Atomic force microscopy (AFM) has long been recognized as a potent tool for capturing high-resolution topographical data across a wide spectrum of samples. However, this superior spatial imaging capability has traditionally been counterbalanced by its relatively low temporal resolution. This temporal limitation has posed challenges when investigating dynamic biological interactions that occur on timescales shorter than those achievable by conventional AFM techniques.

In recent years, there has been a concerted effort within the AFM research community, particularly in the realm of biological imaging, to push the boundaries of imaging speed. High-speed atomic force microscopy (HS-AFM) has emerged as a valuable tool for studying biological samples.

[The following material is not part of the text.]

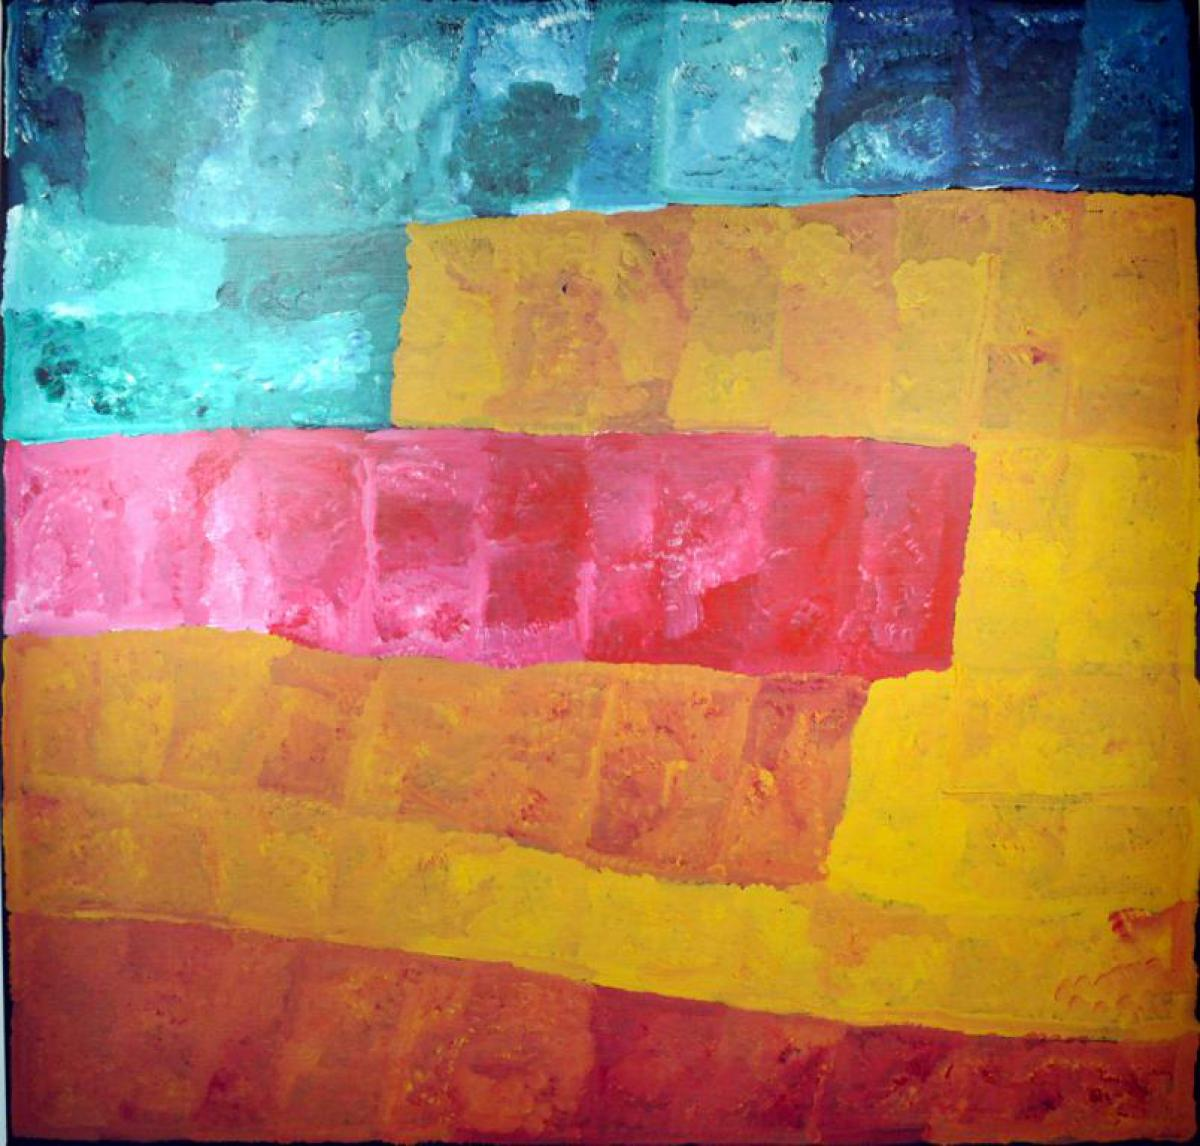 Kudditji Kngwarreye, 'My Country' August 2005 A6397, Acrylic on canvas, 200 x 200 cm

This technique, which operates in amplitude modulation mode, leverages small cantilevers characterized by high resonance frequencies. It offers the unique capability of real-time visualization of molecular processes. However, due to the relatively substantial interaction forces involved, HS-AFM in tapping mode has been primarily suitable for examining tightly bound biological interactions.

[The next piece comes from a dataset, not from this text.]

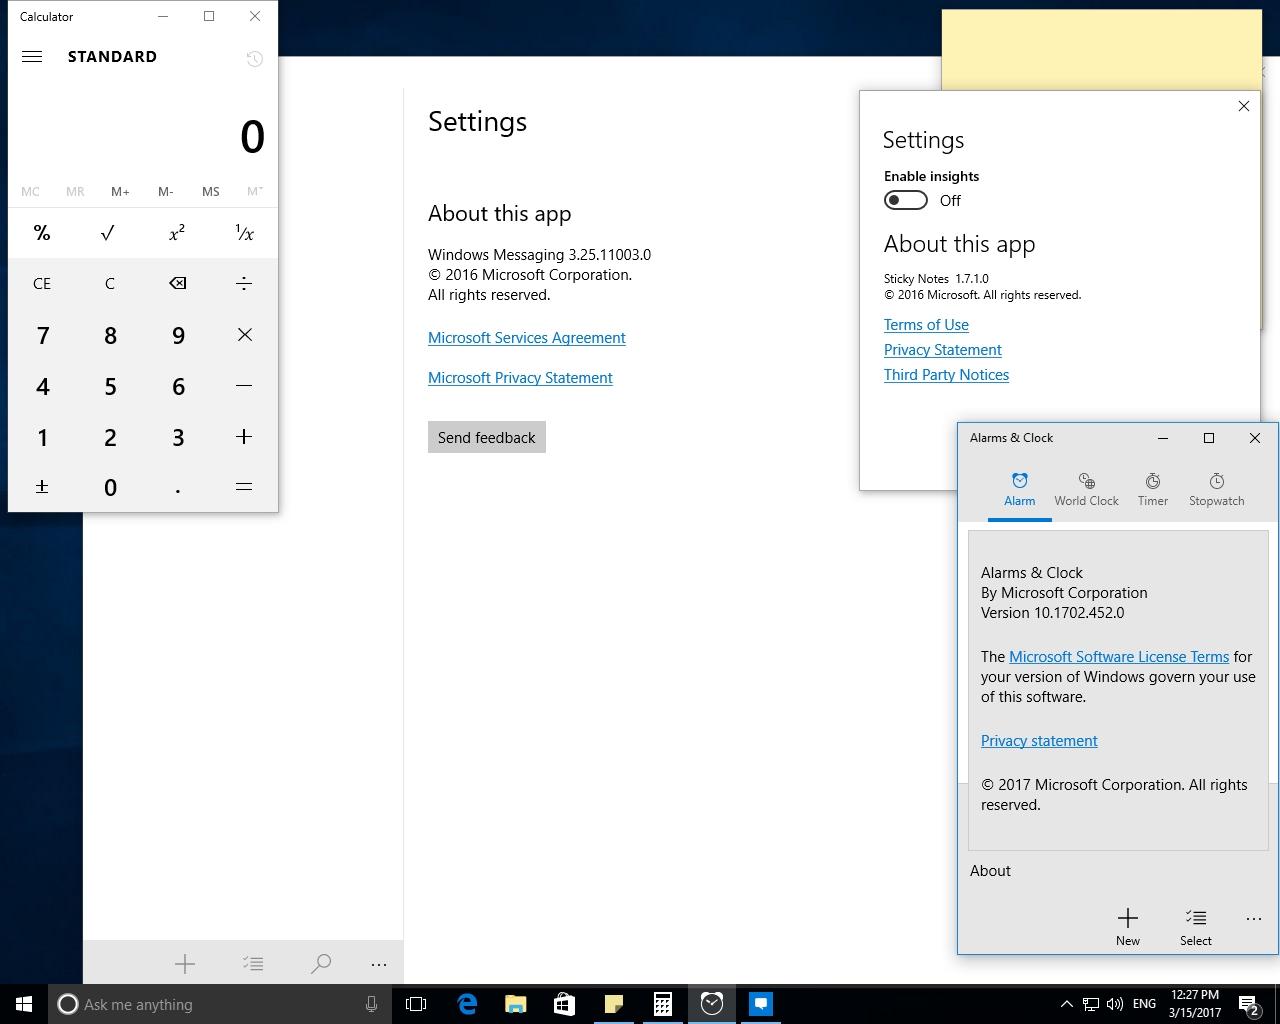 windows 10 version 1607 with update 14393.726

An alternative approach, AFM in off-resonance tapping mode (ORT), holds significant promise for imaging weaker interactions occurring in the micromolar range. In this method, the forces exerted by the tip on the sample are notably reduced compared to tapping mode AFM, enabling non-destructive imaging of biological specimens. Nonetheless, ORT is inherently slow, typically operating at a force curve rate of about 1 Hz.

The proposed project aims to revolutionize high-speed AFM imaging by introducing direct cantilever actuation to perform force-distance ramps at speeds faster than current techniques. This will be accomplished through the development of advanced cantilevers designed for photothermal actuation. The fabrication of such small bimorph cantilevers will necessitate expertise in thin film stress engineering, a thorough understanding of thin film optical properties, and the selection of appropriate optical coating materials. The resulting technology will facilitate rapid yet gentle imaging of biological samples.

Our research will focus on investigating complex biological systems. we will conduct a detailed characterization of the development of order in 2D DNA origami lattices assembled on mica surfaces. These endeavors hold significant promise for advancing our understanding of fundamental biological processes through high-speed AFM imaging.